Nine light horse geldings (462–577kg BW) were used in three replicates of a 3×3 Latin square with repeated measures. They were maintained on native grass pasture and provided grass hay as needed to maintain good body condition (scores of 6–8; [16]). The three geldings within each replicate were assigned randomly to the three treatments: (1) i.m. injection of DEX in vegetable oil (125μg/kg BW; Sigma Chemical Co., St. Louis, MO, USA); (2) i.v. infusion of glucose (0.2g/kg BW as a 50% solution in 0.155M saline); or (3) no injection (controls). The three replicates were performed simultaneously. Treatments were administered in the morning at approximately 8:00h for 4 days consecutively (day 1–4). Samples of jugular blood were drawn via jugular venipuncture into evacuated, heparinized tubes at 0 and 12h relative to treatments on these days. Weekly blood samples were subsequently collected on day 12, 19, 26, and 33. The successive periods (2 and 3) of the Latin square were begun on day 34 after the initial treatment injection of the previous period.

All blood samples were immediately centrifuged at 1200×g at 5°C and the plasma was harvested and stored at −15°C. Plasma concentrations of leptin were measured by RIA using commercially available reagents (Multi-species leptin kit, Linco Research Inc., St. Charles, MO, USA). Similar to reported previously by McManus and Fitzgerald [15], human leptin standards from the kit, human recombinant leptin (0.16–10ng/tube), and three horse plasma pools (two mares and one gelding; 6.2–100μL/tube) produced parallel inhibition curves in the assay. Moreover, five levels of human recombinant leptin (0.3–5ng) added to a pool of horse plasma were quantitatively recovered with an average of 111% and a R2 value of 0.995. The intra and interassay coefficients of variation and assay sensitivity were 4 and 8%, and 0.8ng/mL.

Insulin [17], insulin-like growth factor-1 (IGF-I; [18]), and growth hormone (GH; [19]) were determined by RIA previously validated for horse samples. Intra and interassay coefficients of variation and assay sensitivities were 5 and 8%, and 0.1ng/mL for insulin; 5 and 12%, and 8ng/mL for IGF-I; and 8 and 11%, and 0.5ng/mL for GH. Glucose concentrations were determined spectrophotometrically (method no. 315; Sigma Chemical Co., St.
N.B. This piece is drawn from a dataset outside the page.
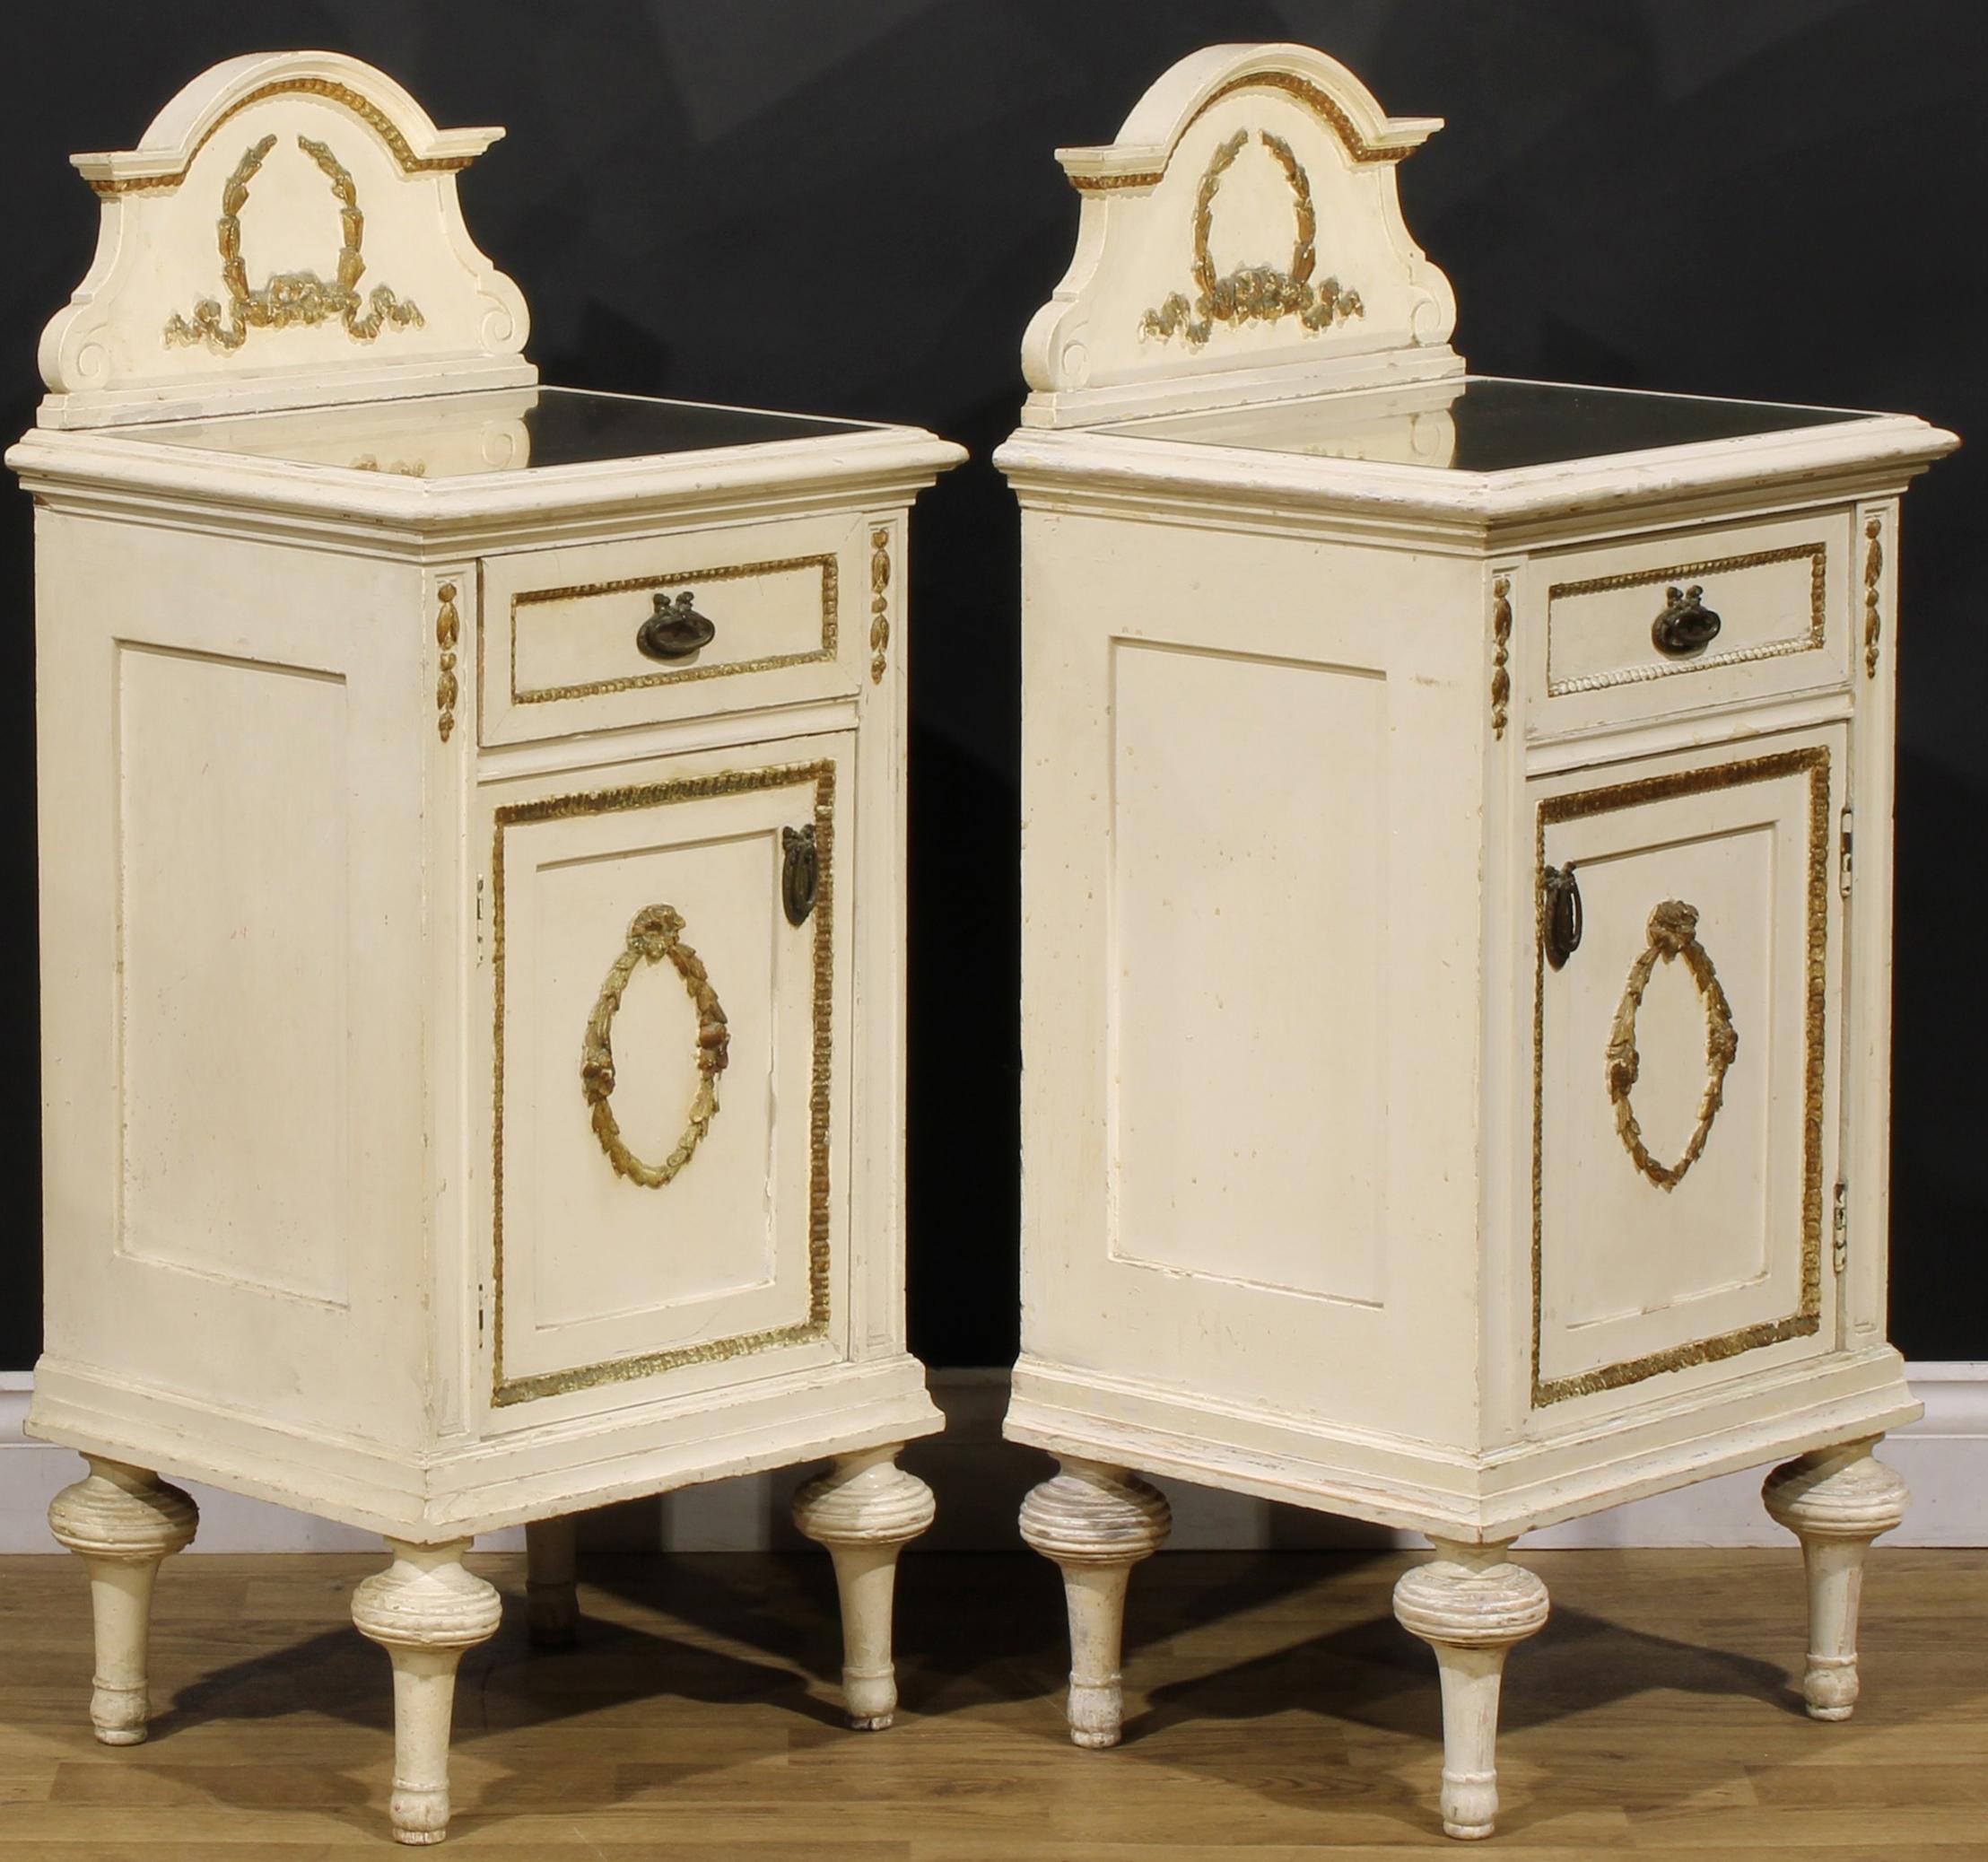 Glass Pair of 19th Century French Louis XVI Carved Painted Nightstands Bedside Tables For Sale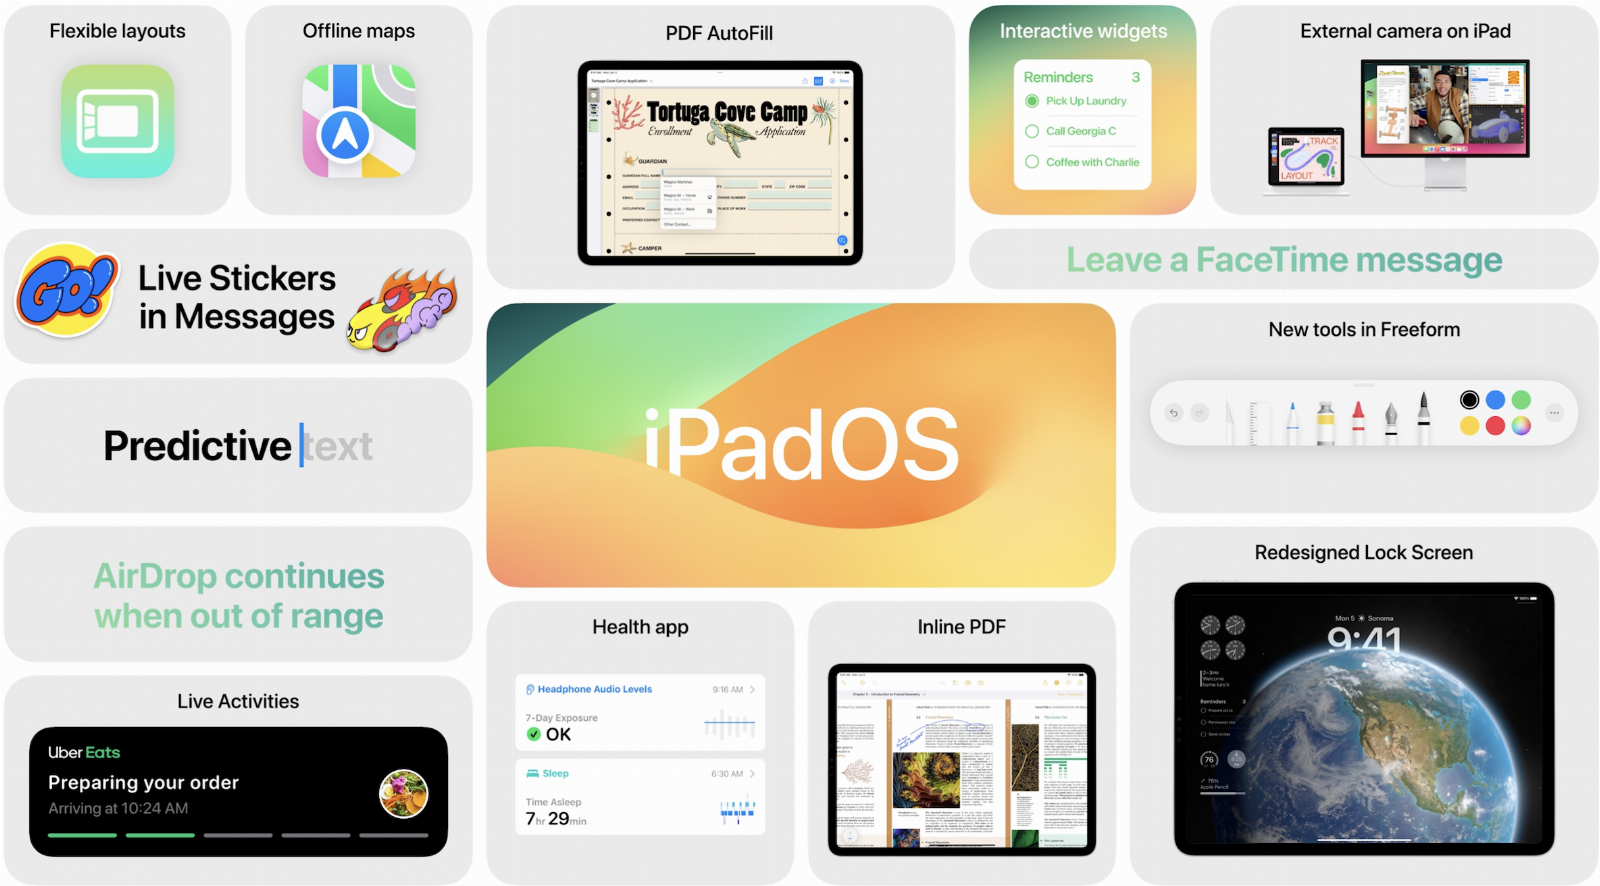 iPadOS 17 adds upgraded widgets, customizable Home Screen, and new native apps

Louis, MO, USA).

2.2. Experiment 2 

Twelve light horse mares (465–560kg BW; body condition scores of 6–8) were used. Six mares were assigned randomly to each of two groups, and then groups were selected randomly to receive either: (1) DEX in oil (125μg/kg BW i.m.); or (2) a similar volume of oil i.m. Injections were administered at approximately 8:00h each morning for 4 days beginning on day 1. Blood samples were collected just prior to injections and 12h later during the first 4 days. Additional samples were collected in the morning on day 5, 6, 7, 8, 10, 12, 19, 26, and 33. Samples were immediately centrifuged and plasma frozen for later determination of glucose, insulin, leptin, and IGF-I concentrations as described for experiment 1.

2.3. Experiment 3 

Six light horse geldings (490–600kg BW) not used in experiment 1 were used in a completely randomized design with repeated measures. They were in good body condition (6–8) and were assigned randomly to receive either: (1) 200IU i.m. of porcine ACTH (Sigma Chemical Co., St. Louis, MO, USA; A6303) in saline containing 0.1g/mL gelatin (n=3); or (2) an equivalent volume of vehicle (n=3) i.m. at 12-h intervals for 4 days consecutively (0, 12, 24, 36, 48, 60, 72, and 84h). Blood samples were collected via jugular venipuncture at −1, 0, 2, 4, 6, 8, 10, 12, 14, 16, 18, 20, 22, 24, 30, 36, 42, 48, 54, 60, 66, 72, 74, 76, 78, 80, 82, 84, 86, 88, 90, 92, 94, and 96h. Additional blood samples were collected on day 12, 19, 26, and 33 relative to the first day of treatment. All blood samples were immediately centrifuged and the plasma harvested for later determination of cortisol (ICN Pharmaceuticals, Inc., Costa Mesa, CA, USA; kit no. 07-221102), insulin, glucose, leptin, and IGF-I concentrations.

2.4. Experiment 4 

Plasma samples selected from a previous experiment [20] were used for the measurement of leptin. In that experiment, eight adult light horse stallions (390–550kg BW; body condition scores 5–7) were used. Stallions were on a diet of commercially available pelleted feed plus grass hay to maintain body condition. To induce hypothyroidism, four randomly selected stallions received PTU (Sigma Chemical Co., St. Louis, MO, USA; P3755) at 6mg/kg BW administered in 250g of a top dressing of a molasses-containing balanced grain ration; four control stallions were given the top dressing with no addition. Stallions were fed their rations daily at 8:00h and were allowed to eat throughout the day; hay and water were available ad libitum throughout the experiment. Plasma samples drawn on day 1, 6, 13, 20, 27, 31, 36, 41, 45, and 52 relative to the start of treatment were selected for determination of leptin concentrations; in addition, samples from day 52 were assessed for T3 and T4 (ICN Pharmaceuticals, Inc., Costa Mesa, CA, USA; kit no. 07-290102 and 07-292102, respectively) and TSH [21] concentrations. Intraassay coefficients of variation and assay sensitivities were 5% and 0.02ng/mL for TSH; 5% and 5ng/mL for T4; and 5% and 40pg/mL for T3.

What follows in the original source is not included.